Figure 1: NK cells in cancer: Schematic presentation of NK-cell functions, barriers, and therapeutic
opportunities in cancer
Metastatic cells-the lone travellers of cancer and NK cell encounters
The liver is a site of dominant NK cell activity and tumour cell elimination (Figure 2). It is
found in a recent study that intravenously administered B16 metastatic melanoma cells are
cleared by NK cells during their first pass through the liver.[7] This first-pass hepatic
elimination of CTCs reduces the number of viable tumour cells reaching the lung, thereby
lowering the pulmonary metastatic burden. Studies have also shown that when the injection
route is modified to bypass the first hepatic passage, substantially more tumour cells reach the
lung, resulting in a marked increase in lung metastasis. These studies underscore the critical
importance of NK cell-mediated CTC clearance in liver in suppressing metastatic spread. The
crucial role, played by the NK cells in preventing cancer from spreading, stems from their
powerful and targeted spotting and killing of the CTCs or tiny ‘transformed cell clusters’ before
these cells can colonize distant organs. Animal studies have also shown that NK cells are
capable enough to eliminate pulmonary metastases, within the first 24 hours after tumour cells
reach lung tissue; but intriguingly, by about one day later, the tumour cell defence triggered by
the NK cells will be tapered, leading to tumour cell survival. This observation indicates that
the effective window of NK cell action against transformed cells is extremely short.[7]
After dissemination, the lung represents the next critical site of metastatic control (Figure 2).
Once tumour cell foci are established within lung tissue, T cells become the dominant effectors,
restricting the growth of metastatic foci. Although NK cell numbers are very low within the
pulmonary metastatic foci, NK cells continue to contribute indirectly to the control mechanism
by promoting T-cell recruitment into them. Observations from experimental models support
the existence of a coordinated immune response in which NK cells provide early systemic
protection through CTC elimination in the liver, thereby reducing pulmonary seeding, while
also shaping subsequent T-cell–mediated, in situ control of metastatic outgrowth in the lung.[7]

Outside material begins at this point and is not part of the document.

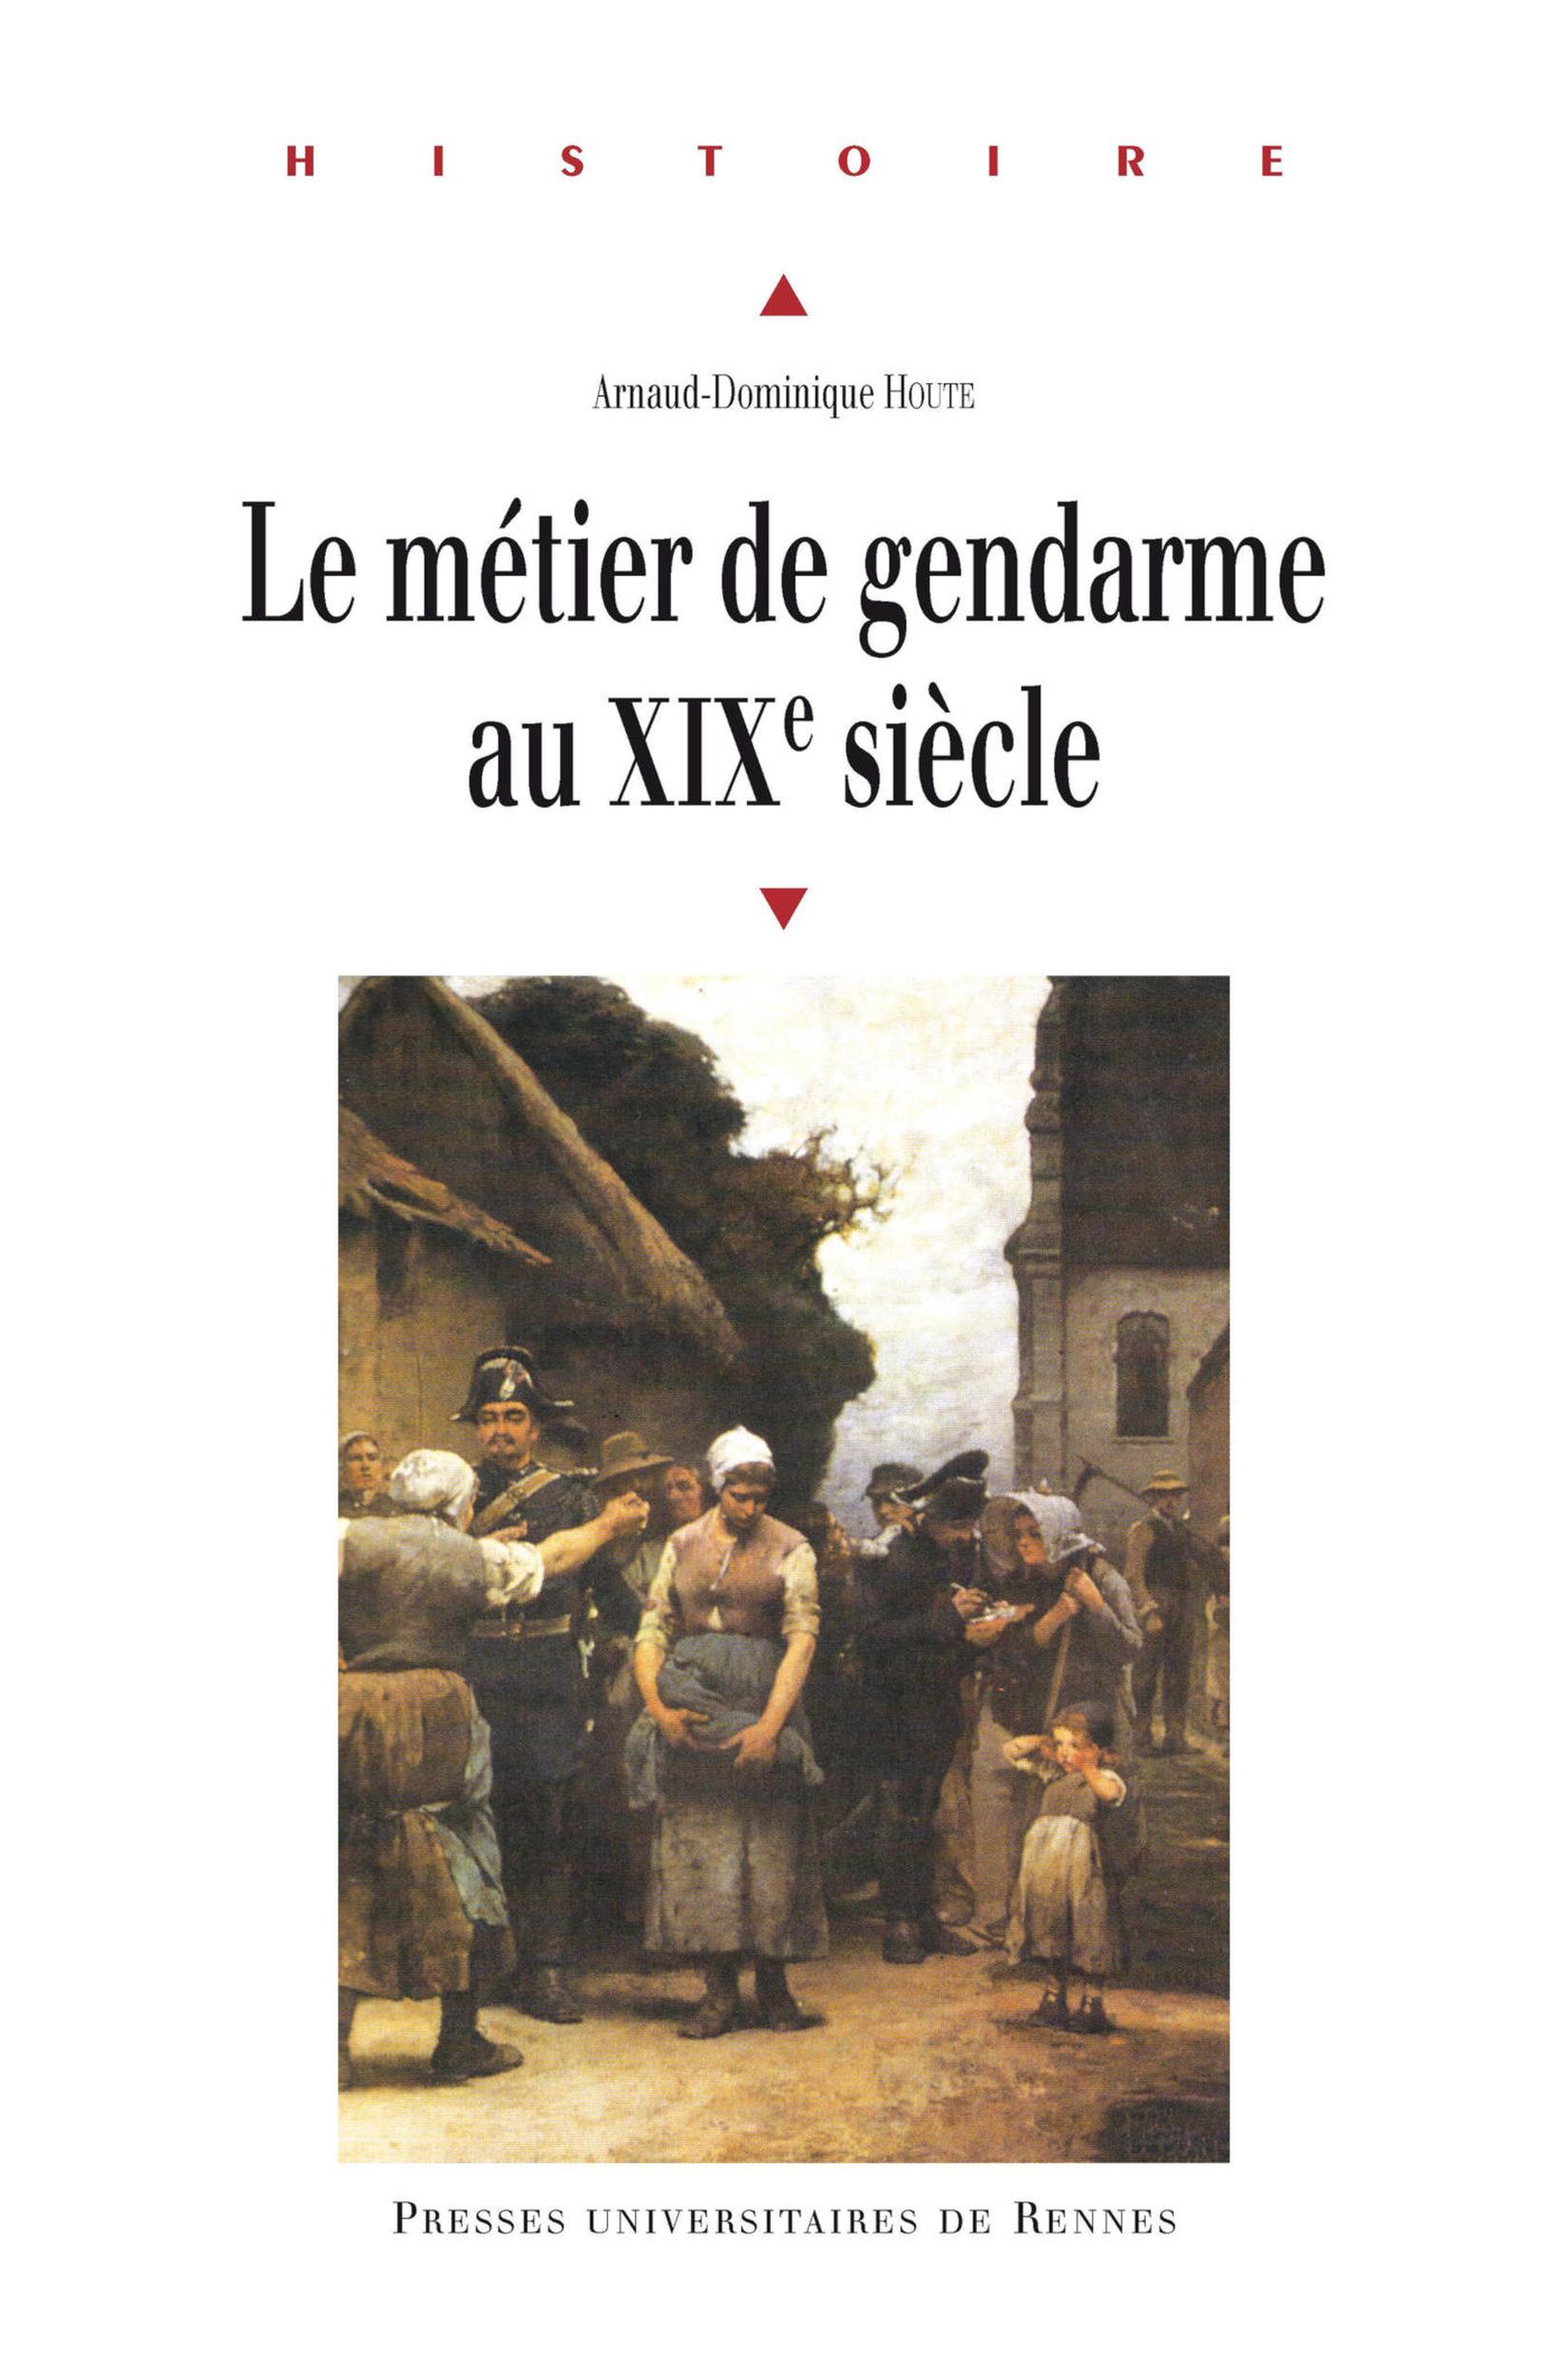 Le métier de gendarme au XIXe siècle  - Arnaud-Dominique Houte

Figure 2: Mechanism of NK cell–mediated tumour cell clearance in the liver
and immune responses in the lung
The malignant cells on the other hand, evolve alternate strategies to escape from NK cells, as
it has been observed that some circulating tumour cells cluster together which may help shield
some of the malignant cells from NK cell attack, thereby increasing the metastatic possibility
to 20–100 times than that for single cells. Another defence strategy adopted by the tumour cells
involves displaying molecules like HLA-E that convey “I’m safe, don’t kill me” signal,
activating inhibitory receptors on NK cells, such as the CD94/NKG2A pathway, allowing the
target cell to bypass NK-cell–mediated attack.[8]

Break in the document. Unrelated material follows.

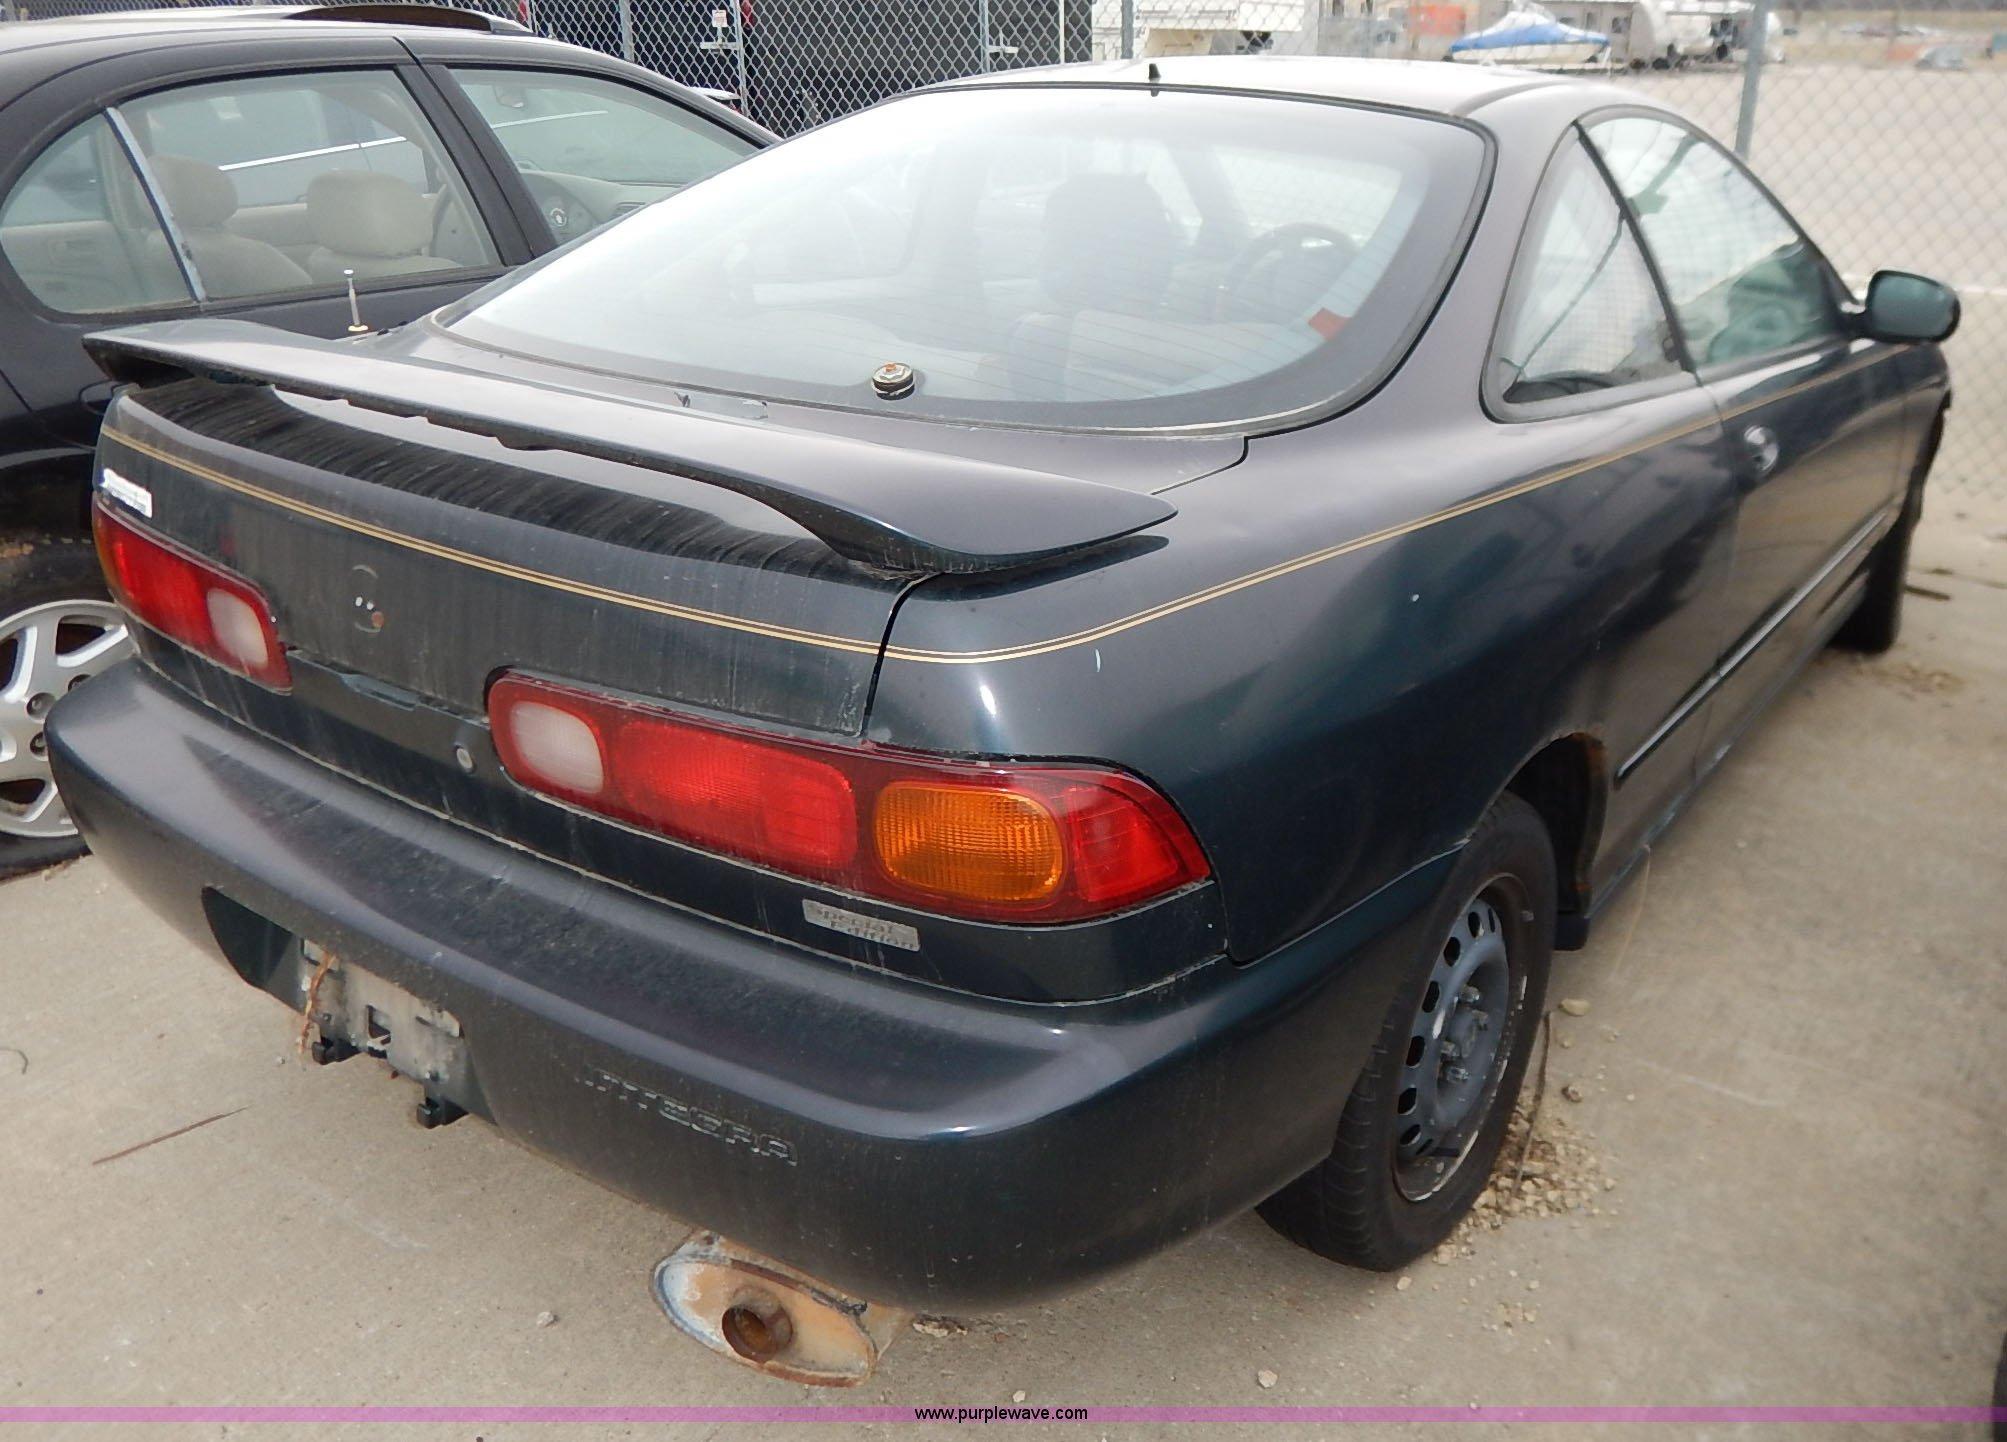 1994 Acura Integra Item K8881

NK cells -lone assassins to field commanders of the immune army
In solid tumours, NK cells aren’t just lone assassins, but are field commanders which produce
distress flares, XCL1 and CCL3/4/5, the chemokines. This is a part of attracting other immune
cells to tumour site and activating the effector cells. These signalling molecules attract cDC1,
a special type of dendritic cells, which are key players in presenting tumour antigens to
cytotoxic T lymphocytes or CD8+ T cells. But tumours produce high levels of prostaglandin
E2 (PGE2) which enhance tumour cell proliferation and angiogenesis. They also promote
invasion and inhibit apoptosis (programmed cell death). Further they supress the anti-tumour
immune response by several mechanisms; one among them involves weakening NK cells, by
reducing their chemokine production. This negatively influences the NK - DC1 - CD 8+T Cell
(Cytotoxic T cell) axis making the tumours harder to get infiltrated by the immune cells.[9,10]
Researchers have designed and developed several drug combinations that indirectly “wake up”

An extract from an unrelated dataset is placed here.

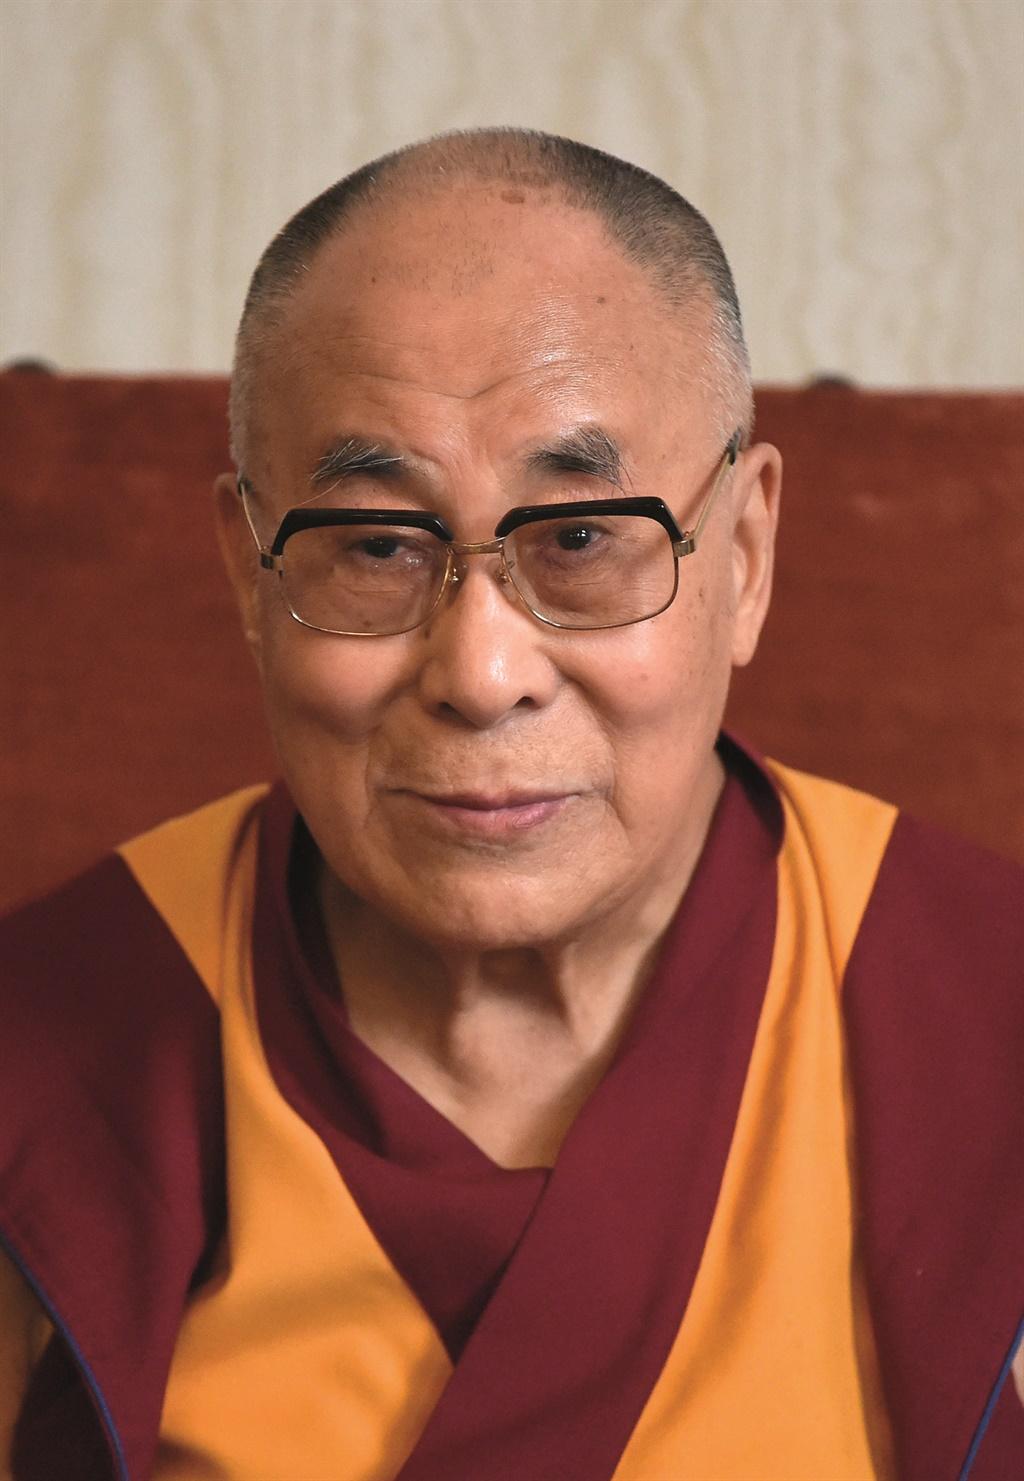 Tenzin Gyatso is die 14de en huidige Dalai Lama, d

NK cells in tumours with poor immune infiltration. Examples include boosting NK cell and
cDC1 infiltration into tumours, inhibiting tumour cell pathways like WEE1 and AKT, that
regulate cell growth, survival and division and/or increasing the expression of “danger” signals
(NKG2D ligands), by which tumour cells become more susceptible to NK cells.[11] Combining
the NK Cell reactivating strategy with anti-PD1 therapy (PD1 – Programmed Cell Death
Protein 1) , a successful therapy of reactivation of exhausted T cells has been developed which
is found to be highly effective in animal models with highly resistant tumour growth.[12] In
some breast cancer models, increasing NK cell activation by IL-15/ IL-12 conditioning
(cytokines that activate NK cells) after surgery, reduces metastases to a significant level. It also
helps to develop long-lasting CD8+ T-cell memory in the host. Similar promising results have
also been reported in early clinical attempts that infused a patient’s own activated NK cells
after tumour removal.[13,14] To summarise these observations, activated NK cells don’t just fight
alone, but they also naturally help build long-lasting, T-cell–driven immune defences against
tumours.
NK cell therapies - The challenges
Why can’t we design multiple drugs, exploiting NK Cell potentials? The answer is, we have to
face “big challenges” as NK cells being innate cells, unlike T cells, respond in different ways
while applying ‘therapeutic tricks’. This is because, NK cells depend on IL-15 and IL-2 for
proliferation and survival. However, unlike T cells, they don’t produce their own IL-15 and
IL-2; instead depend on external cytokines. Consequently, in tumours, the lack of these
cytokines may render the NK cells dysfunctional, exhausted, or at times cause them to be
converted into a reprogrammed or phenotypically altered cell type. Hence, T-cell–based
strategies engaging NK cells through bispecific antibodies may not function properly.[9,10,12]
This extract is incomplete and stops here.